# haiti pics



## moswen (Sep 19, 2010)

here they are... some pics of haiti!

this is a tent city, as you can see, still being used:







this is a relatively nice house in haiti. it has rock walls and a roof:






this is more like what most of the houses are:






this is a very small market. you can see the coal there in the middle, this is a very big problem in haiti - deforestation. all the umbrellas are someone's little stand:






this is our house and the "roads," we were blessedly out of the way and did not have to face the poverty and destruction every day. i was almost like all you had to do was imagine up some tress and you could almost believe when napoleon called haiti "the pearl of the caribbean."

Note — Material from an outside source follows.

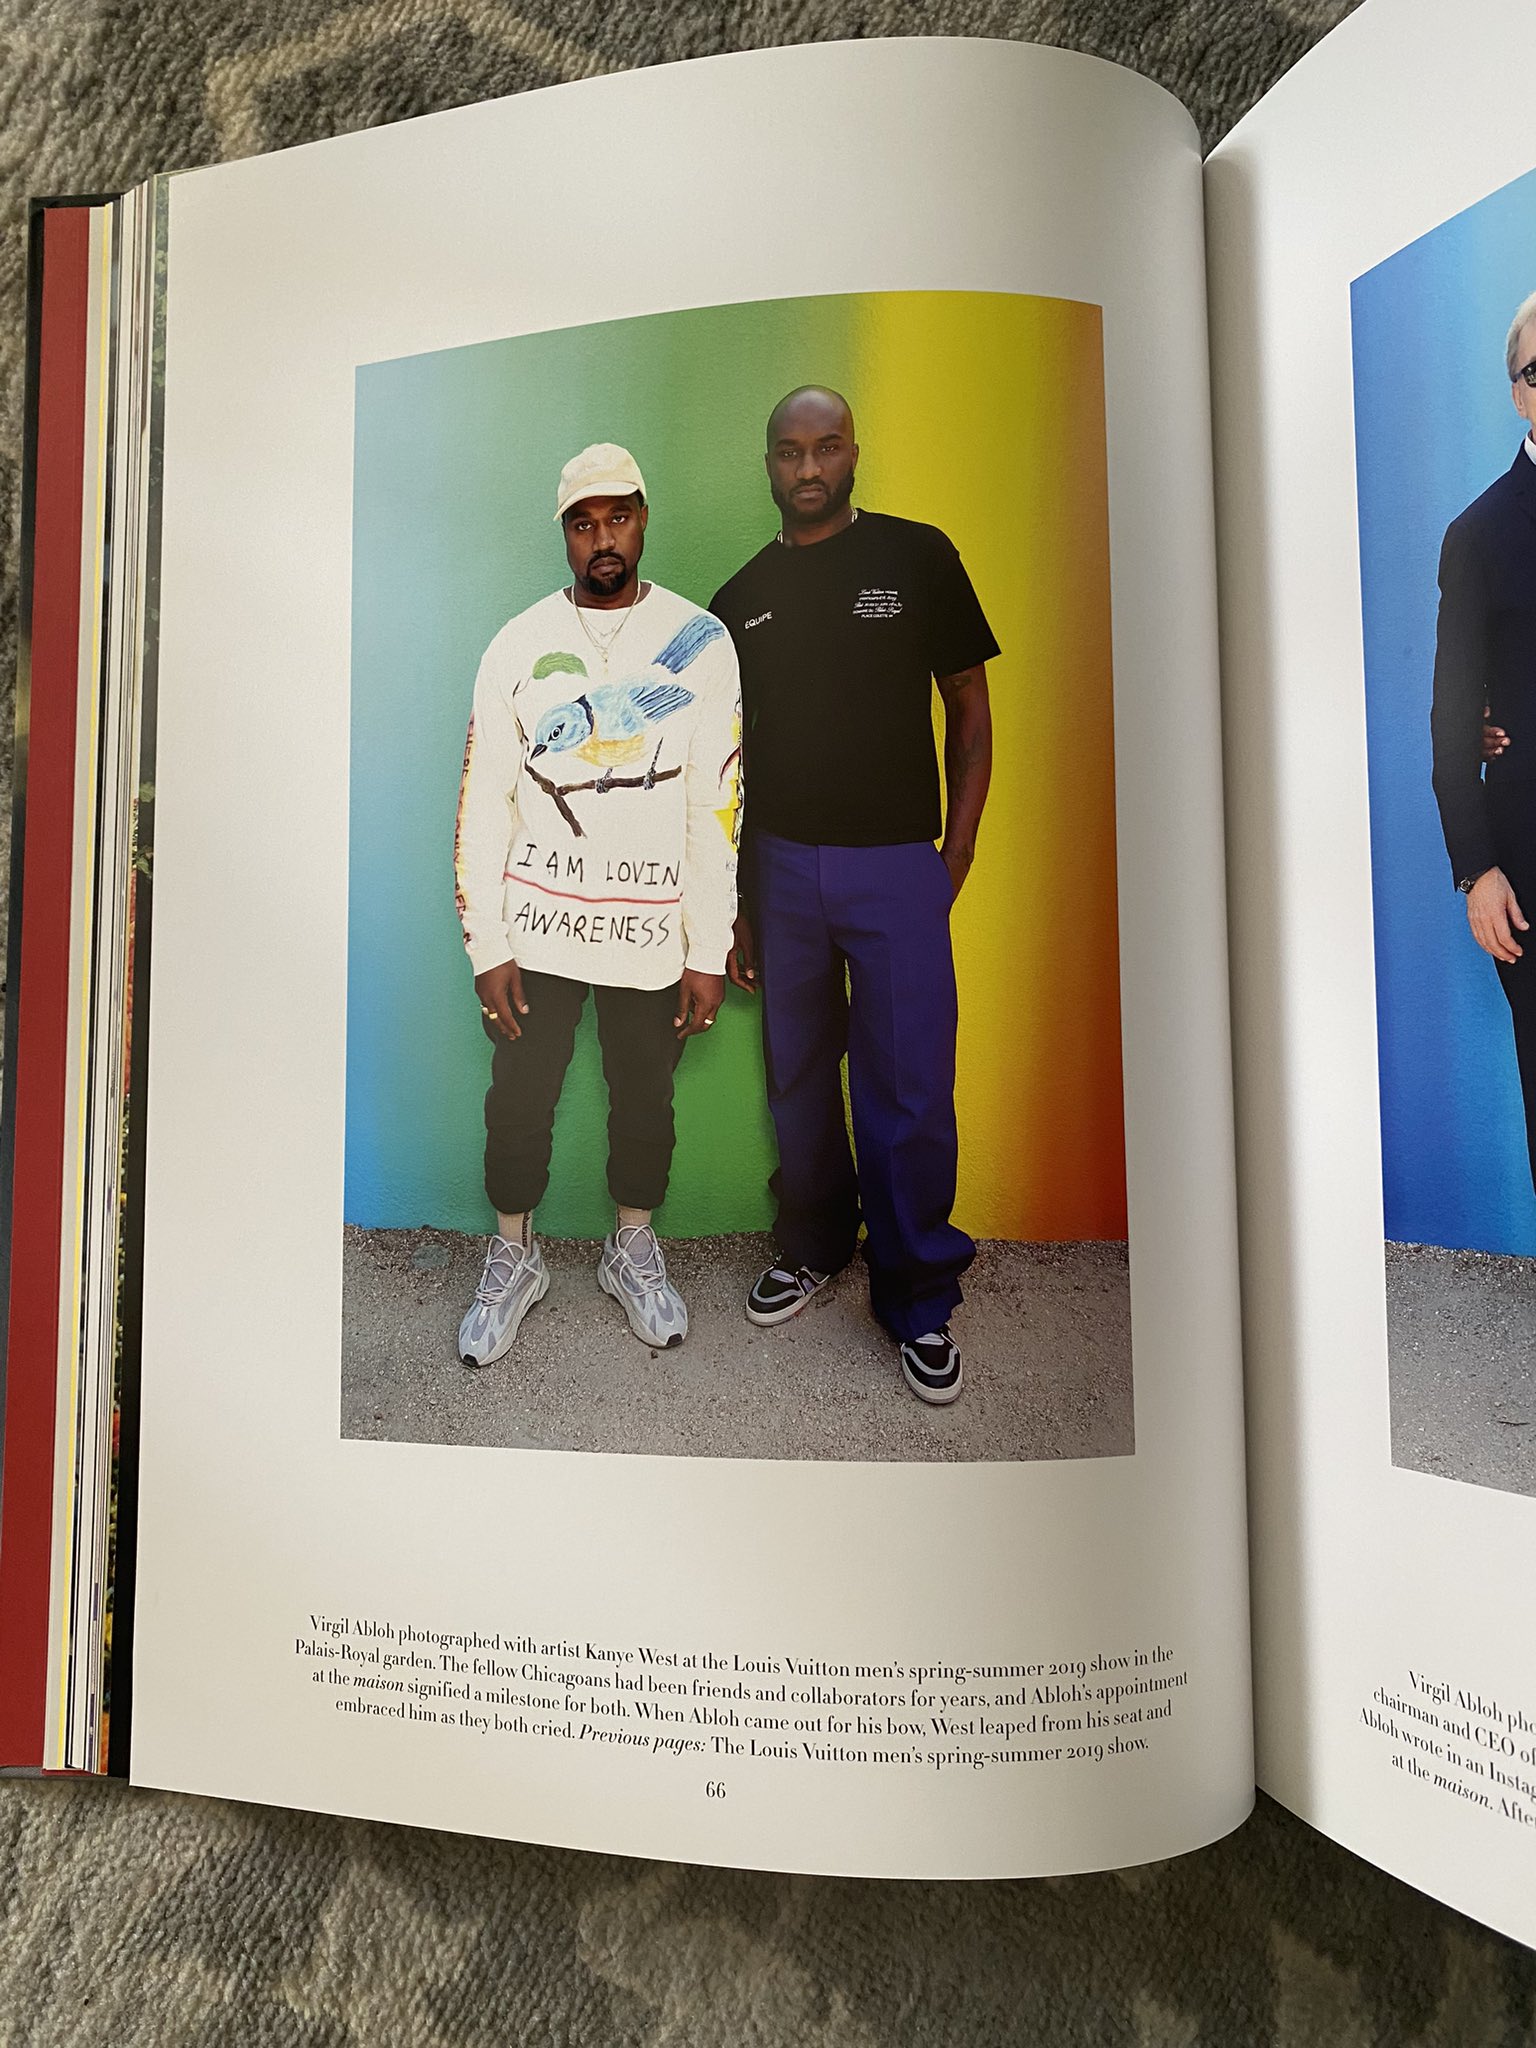 Both Virgil Abloh Book Arrived! Anybody know why they took the book off the  LV site? : r/Louisvuitton

that's it! you can see my post in off topic chit chat "i'm home! i was in haiti." if you want to read about haiti a little bit.


----------



## Isa (Sep 19, 2010)

Wow very sad . The pic of the house breaks my heart.
Thanks for sharing.


----------



## Missy (Sep 19, 2010)

Thanks for sharing. Makes me feel so privileged to live in America.


----------



## TortieGal (Sep 19, 2010)

The stone house sure had a great view! Thanks for sharing.


----------



## terryo (Sep 19, 2010)

Rebekah, thank you for posting those pictures. Sometimes we don't realize how lucky we are.


----------



## Madortoise (Sep 22, 2010)

Thanks for sharing. I donate and subscribe to Doctors w/out Borders on facebook for updates in the country. My mother-in-law is French Haitian so this is very unsettling to us. She was from Cap-Haitien and we were fortunate that all her remaining relatives were safe living more inland than Port-au-Prince. I'm thinking of sending some art supplies for children there. What is your organization of the choice for Haitian relief?


----------



## moswen (Sep 22, 2010)

well the only two i know about are Helping Hands and Hope for Haiti's Children, Hope for haiti's is who i went with, they have been there in port a prince for 15 years and they support 800 children to go to school and 3 or 4 orphanages, but we only visited one while i was there. so they do a lot of focusing on the children if you wanted to send art supplies they are a good one to go to. i don't know anything about Helping Hands, but i met a guy named Harry who was with them and he was focusing on trying to get the churches to work together and he was providing jobs and cinder block making machines, so their focus may be more on helping haiti's public and such, but like i said i do not fully know what the are doing down there. sorry, i've only been once two weeks ago, but i hope to have a lot more knowledge of the place in the future as i plan on returning asap!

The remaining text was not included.